Images aside, the whole listing should be written out word for word.

RECORDED DATA =
□ □ □ □ □ □ □
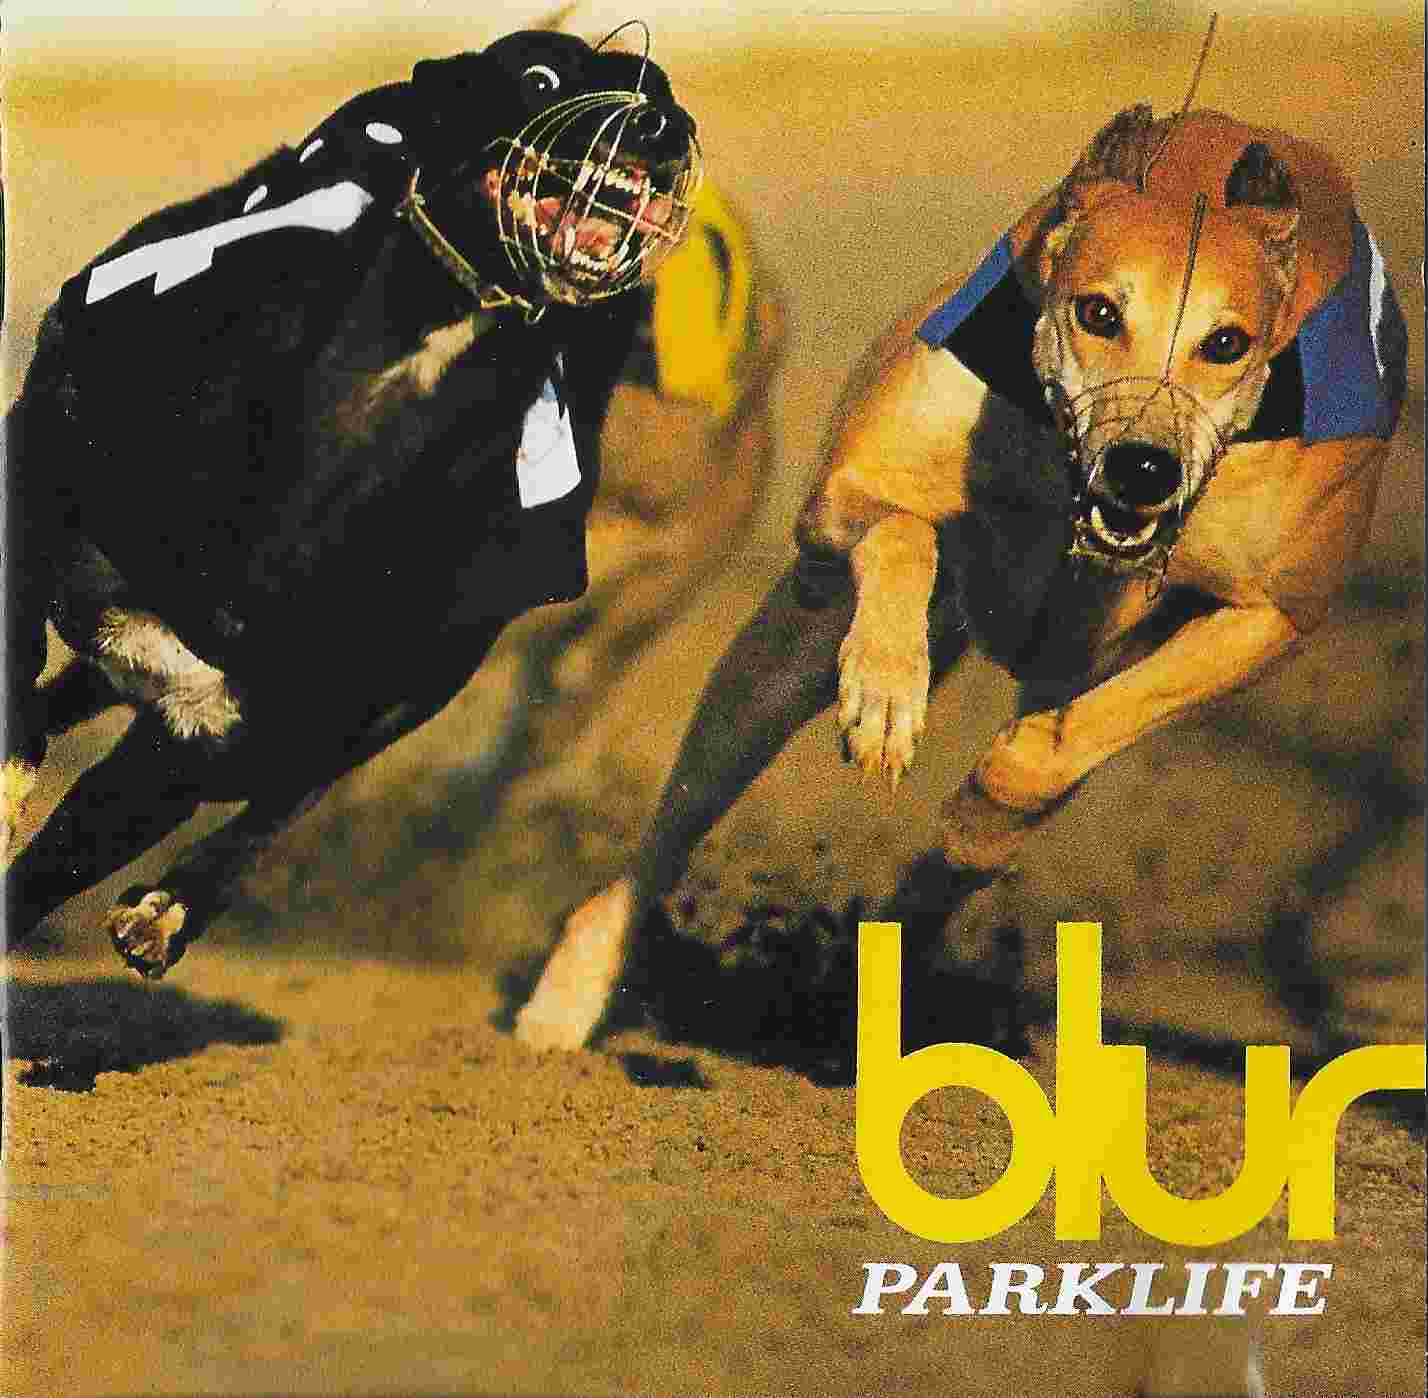 Picture of Parklife by artist Blur 
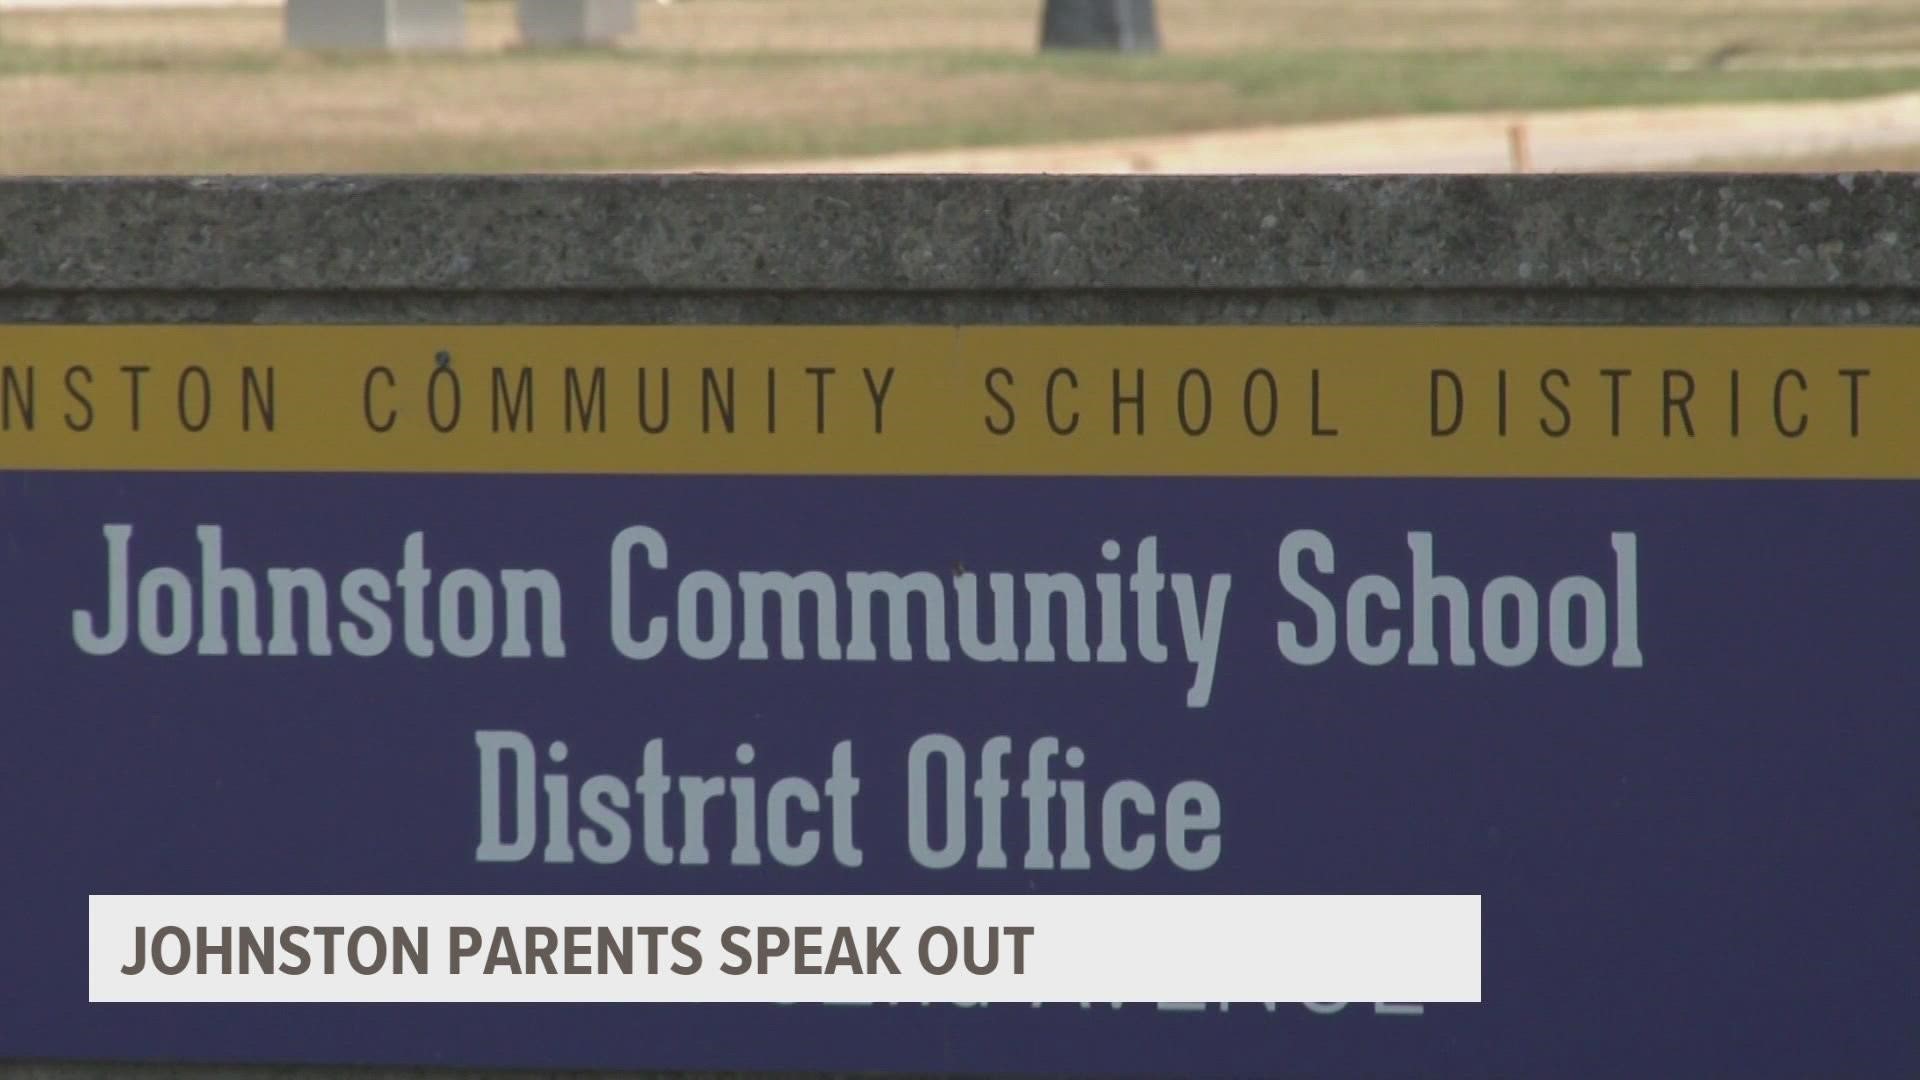 The Johnston Community School District says both incidents at Summit Middle School were investigated, and there was no credible threat.
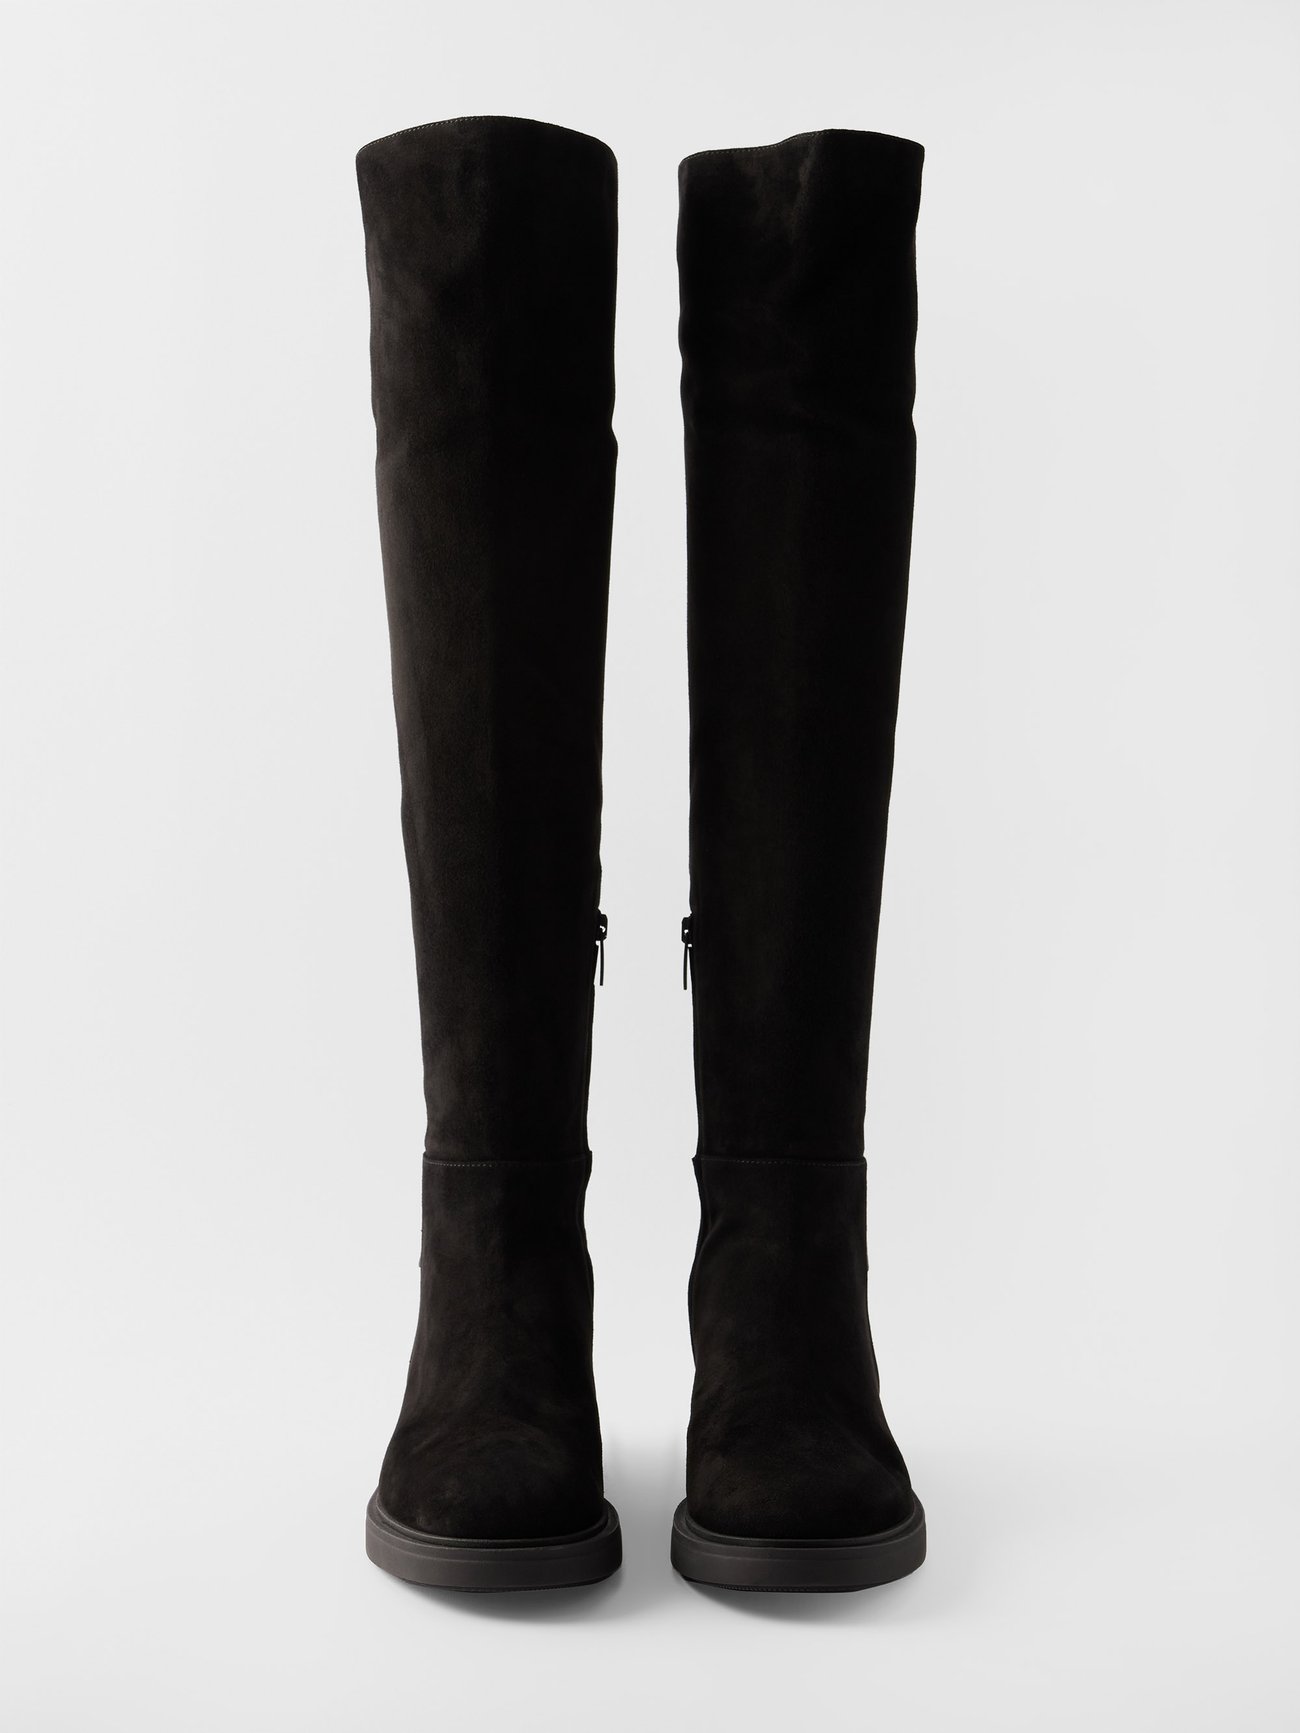 Lexington suede over-the-knee boots
□ □ □ □ □ □ □
RESPONSE =
 Picture of Parklife by artist Blur 
 The Johnston Community School District says both incidents at Summit Middle School were investigated, and there was no credible threat.
 Lexington suede over-the-knee boots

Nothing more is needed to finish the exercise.